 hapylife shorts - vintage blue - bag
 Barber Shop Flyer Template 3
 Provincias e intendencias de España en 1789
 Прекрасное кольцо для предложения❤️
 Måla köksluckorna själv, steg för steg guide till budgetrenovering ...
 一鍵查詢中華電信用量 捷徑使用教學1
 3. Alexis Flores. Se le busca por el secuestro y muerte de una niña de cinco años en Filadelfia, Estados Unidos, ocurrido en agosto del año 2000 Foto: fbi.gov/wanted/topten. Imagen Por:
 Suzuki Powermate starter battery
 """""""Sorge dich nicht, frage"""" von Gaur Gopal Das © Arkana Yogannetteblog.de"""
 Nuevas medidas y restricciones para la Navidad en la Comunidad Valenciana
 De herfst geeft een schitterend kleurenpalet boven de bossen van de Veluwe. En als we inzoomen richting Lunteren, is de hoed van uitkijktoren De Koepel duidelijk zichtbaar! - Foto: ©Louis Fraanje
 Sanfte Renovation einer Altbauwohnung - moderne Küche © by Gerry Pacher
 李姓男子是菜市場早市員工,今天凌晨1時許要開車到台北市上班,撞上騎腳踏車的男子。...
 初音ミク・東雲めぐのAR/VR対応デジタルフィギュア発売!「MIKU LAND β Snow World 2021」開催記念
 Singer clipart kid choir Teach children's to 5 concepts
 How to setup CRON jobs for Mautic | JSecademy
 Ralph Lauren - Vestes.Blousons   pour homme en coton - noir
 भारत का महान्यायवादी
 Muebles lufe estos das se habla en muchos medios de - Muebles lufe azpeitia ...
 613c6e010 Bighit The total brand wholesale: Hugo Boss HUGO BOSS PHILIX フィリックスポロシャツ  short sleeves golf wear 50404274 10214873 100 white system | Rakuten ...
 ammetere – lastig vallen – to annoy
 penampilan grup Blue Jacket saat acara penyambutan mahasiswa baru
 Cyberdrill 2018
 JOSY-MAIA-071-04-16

- Prompt -
Scanning the data above, copy out every line where "Foto" is found.

- Solved exercise -
 3. Alexis Flores. Se le busca por el secuestro y muerte de una niña de cinco años en Filadelfia, Estados Unidos, ocurrido en agosto del año 2000 Foto: fbi.gov/wanted/topten. Imagen Por:
 De herfst geeft een schitterend kleurenpalet boven de bossen van de Veluwe. En als we inzoomen richting Lunteren, is de hoed van uitkijktoren De Koepel duidelijk zichtbaar! - Foto: ©Louis Fraanje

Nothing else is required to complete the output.